Code Structure Overview

The project is organized into several top-level modules:

  • run_discover.py: The main command-line interface.
  • discover/models.py: The core DiscoverBase class responsible for controlling the workflow.
  • discover/features.py: Oversees all feature space generation considerations and the UFeature class for unit awareness.
  • discover/search.py: Positions different search strategies (e.g., greedy, SISSO++, MIQP).
  • discover/scoring.py: Contains model scoring functions (SIS, CV, regression/classification scores) and GPU-accelerated kernels.
  • discover/utils.py: Contains plotting helpers, result savers, and formula formatters.
  • discover/constants.py: Defines global constants (e.g., task types).

Adding a New Mathematical Operator

Adding a custom operator is an easy method to extend DISCOVER's capabilities. Operators are defined in discover/features.py.

Adding a Custom Unary Operator

  1. Open discover/features.py.
  2. Navigate to the CUSTOM_UNARY_OP_DEFS dictionary.
  3. Add a new entry with a new name.

The entry must be a dictionary with following keys: - func: The numerical function (e.g., lambda x: np.tanh(x)). - sym_func: Symphological analogue with sympy (i.e., lambda s: sympy.tanh(s)). - unit_check (optional): An optional function that is True if the input unit is right.
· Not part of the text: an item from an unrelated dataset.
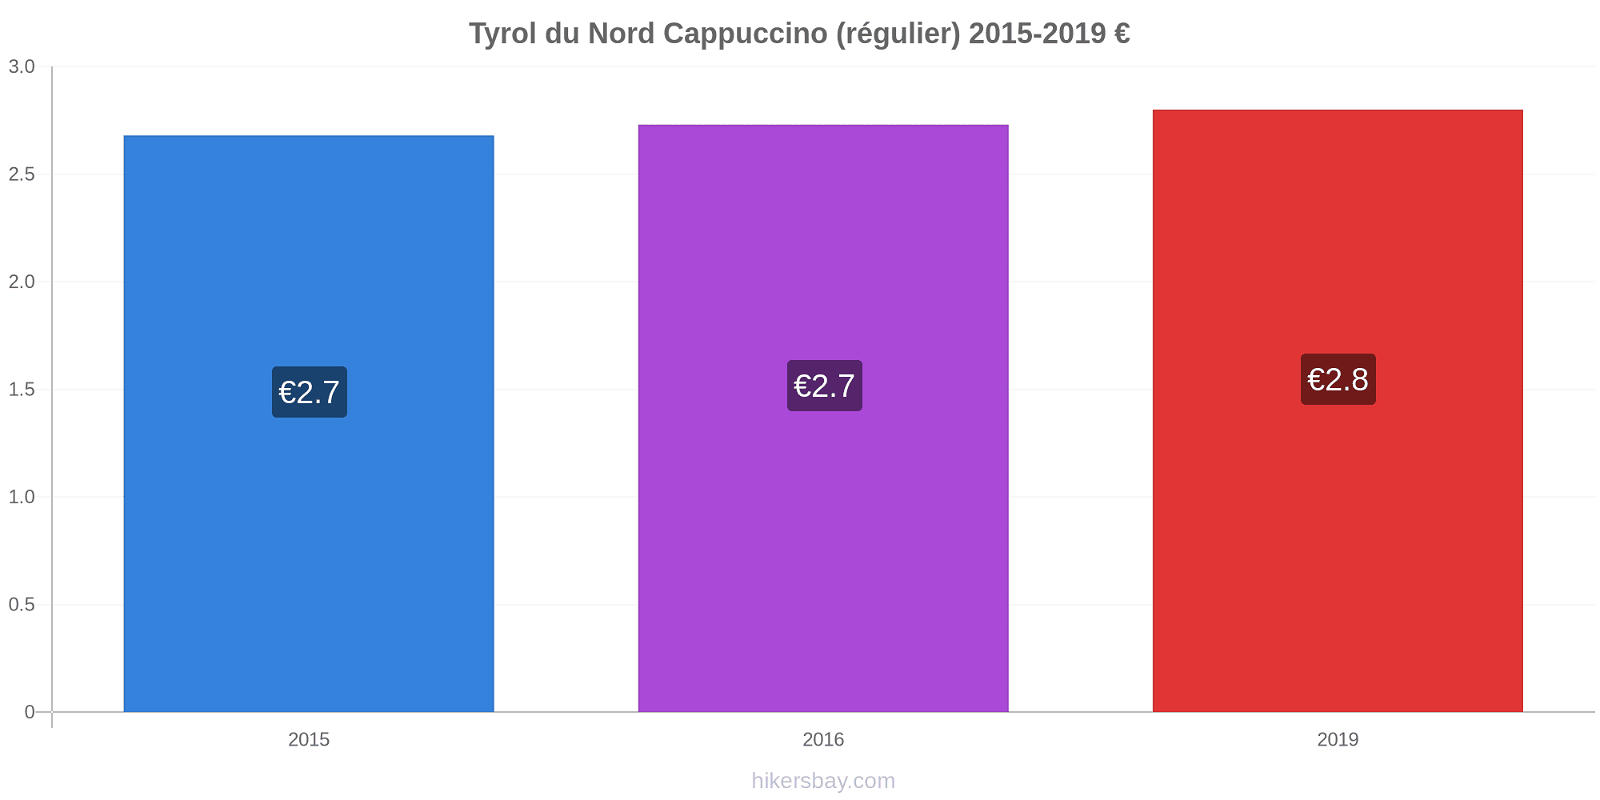 Tyrol du Nord changements de prix Cappuccino (régulier) hikersbay.com

For example, lambda u: u.dimensionless for trig functions. - domain_check (optional): An optional function that is True if the input values are appropriate (e.g., lambda f: np.all(f.values > 0) for log). - name_func: A function that generates the string name of the new feature (e.g., lambda n: f"tanh({n})").

Example: Adding a tanh operator

# In discover/features.py
CUSTOM_UNARY_OP_DEFS = {
    #. existing operators
    'tanh': {
        'func': np.tanh,
        'sym_func': lambda s: sympy.tanh(s),
'unit_check': lambda u: u.dimensionless,
        'domain_check': None,
        'name_func': lambda n: f"tanh({n})",
    }
}

Adding a Custom Binary Operator

  1. Open discover/features.py.
  2. Go to the CUSTOM_BINARY_OP_DEFS dictionary.
  3. Add a new entry.

The form is the same as unary operators but with two arguments.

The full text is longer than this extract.